Digital working computers can be used like intelligent 'message meters' - for measurement of information, knowledge, noise, and redundancy. All these forms have to be measured in bits. Computer programs, for the detection of redundancy or the elimination of noise, are existing and improvable. Knowledge has to be seen as an extremely efficient information compression. It is understood as an information that can be explained, that means that we are able to anticipate or even to predict many occurrences. Knowledge measurement is economically important for the digital library, for the scientific community, and also for an improved estimation of intelligence in computers and creatures.

In the late winter of 1943/44 in Princeton (N.Y.) N. Wiener and J. v. Neumann arranged a meeting with other mathematicians like J. W. Tukey, engineers, and physiologists. They found that it was convenient to measure information in terms of numbers of yeses and noes and to call this unit of information a bit. During the World War II this knowledge was sometimes top secret. But in 1949 C. Shannon and W. Weaver published "The Mathematical Theory of Communication", that catalysed the thinking of numerous scientists. Sciences and humanities found in the interdependence of entropy and information a new homologous fundament.
The attempt to replace the term bit by the term shannon unit, used by the International Standard Organization (ISO) in 1975, to make the difference between a binary digit and a binary element clear, was retrospectively not very successful. In the following years the cybernetics, information theory, and the construction of the digital working computers changed the sciences and later on the humanities.

After nearly twenty years (10.1.1963) in the "Report of The President's Science Advisory Commitee USA" with the title: "Science, Government, and Information" by order of J.F. Kennedy, thirteen American scientists and specialists under the presidency of Alvin M. Weinberg, from Oak Ridge National Laboratory, estimated the amount of information in the Library of Congress with roughly 10¹³ bit.

This was a very revolutionary view with tremendous consequences for many scientific libraries and the online-documentation centres in the world. Databases like Chemical Abstracts, Biological Abstracts, Eric, Medlars, SciSearch etc. grew up and made important parts of the sciences retrievable.
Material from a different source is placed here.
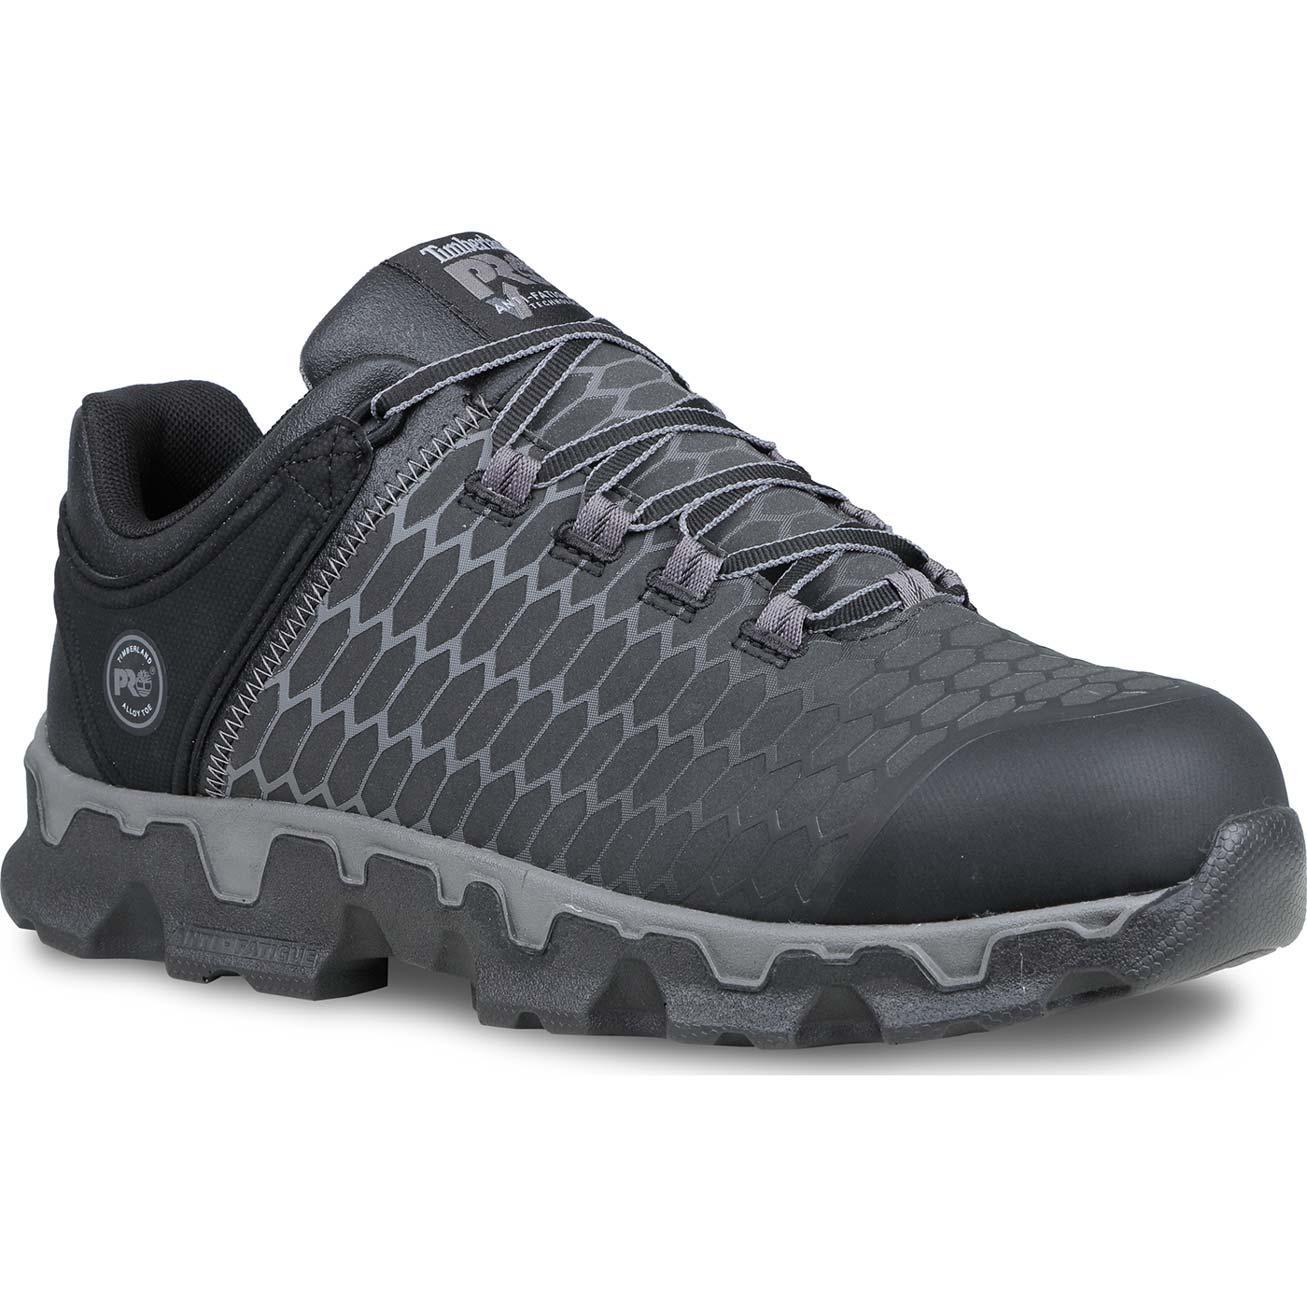 Timberland PRO Powertrain Sport Alloy Toe Work Shoe, , large

But this estimation of information content was regrettable wrong:
1. Only the number of characters in the textual information was calculated. Graphics, pictures, movies, sound recordings, or chemical and physical characteristics of the different media left unconsidered. The information of some billion bits was not regarded. The reason for this limited way of thinking was simple and is well known. The computers of the third generation at that time started to change their function from mathematical instruments to storage and retrieval systems for ASCII characters.
2. There is not only information in the libraries (Kemp, D. A. 1976). It is also redundancy, noise, and knowledge in the estimated number of 10¹³ bit. Under simple conditions the value can be reduced ten or hundred times. The term information was and is till now often and easily confused with the information theoretic message.
So we have to see that Weinberg and his colleagues estimated only the textual messages in the Library of Congress by looking for the necessary storage capacity in a digital working computer.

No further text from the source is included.